Weather is a Zero-sum Game by Judith Field

May 26 2013 Published by under The WiFiles

Sam wheeled his new invention up the garden. It was a metal box about the size of a pillow, with an array of switches, instrument panels and levers down one side. At the top was a sort of axle attached to a horizontal row of plastic drainpipes of different widths and lengths, looking like a set of organ pipes on their sides. The box was mounted on the frame and wheels of an old-fashioned pram. This one would make his fortune. A thirty year old millionaire.
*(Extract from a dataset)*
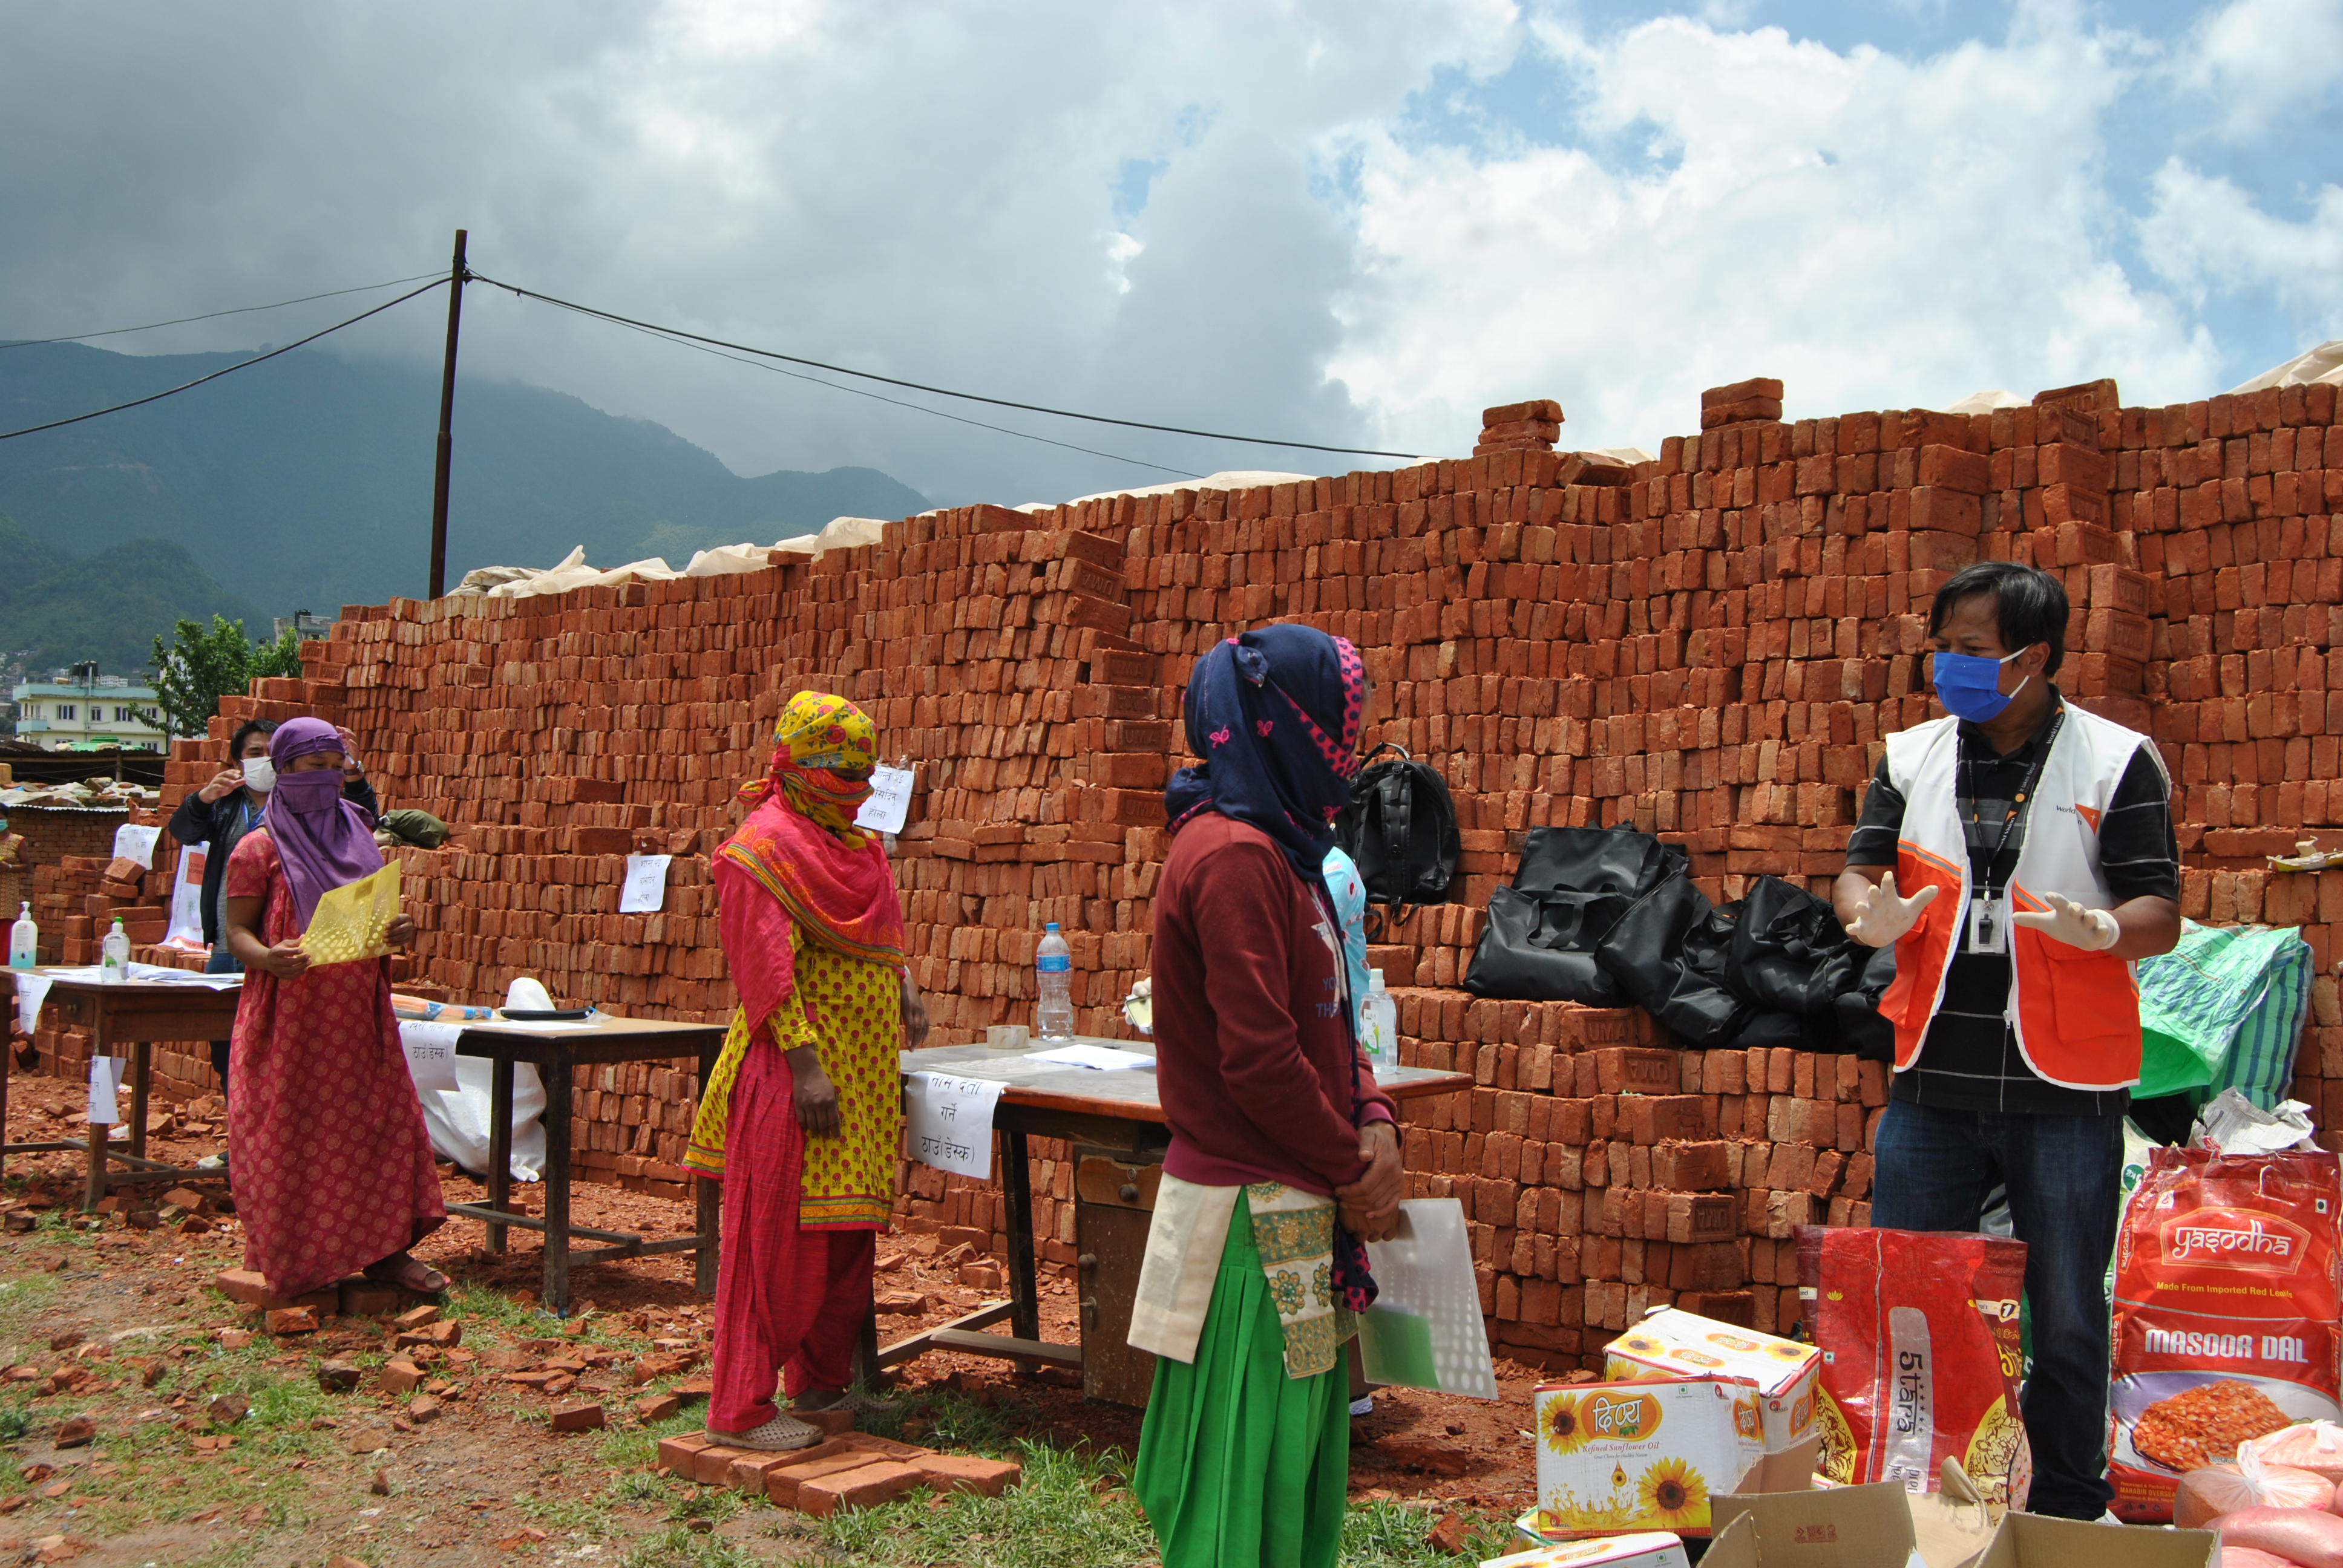 WV staff Bharat facilitates the distribution process

Just like Bill Gates. Only more.

He unwound a cable as thick as his wrist from a bracket at the end of the box and plugged it into the extension lead running out of the back door of the house. Luke looked over the fence from the garden next door.

‘Hi, Mega-nerd,’ Luke said, ‘looks like rain. So much for my barbecue.’

‘It won’t rain,’ Sam said, ‘just wait and see.’ He looked up at the grey clouds that had been gathering all afternoon and tapped the side of his nose.

‘How do you know?’ Luke asked. ‘Can’t believe the forecasts. They make it up as they go along. Wanna come over?’

‘Will Cara be there?’

‘Said she might, if she finishes her revision. It’s this ‘Chemistry for a sustainable future’ thing she’s doing with the Open University. I think she’s off her head, doing exams when she doesn’t have to.’

‘No, you weren’t one for the academic stuff at school, I remember.’

‘I think she fancies you, God knows why, she must be off her head. Always asking about you.’

‘Really?’ asked Sam, ‘I don’t have time for relationships. I’m married to my job. Although I could use a bit of help with this project from a big, beautiful woman, that’d be sweet.’ He smiled and looked into the distance.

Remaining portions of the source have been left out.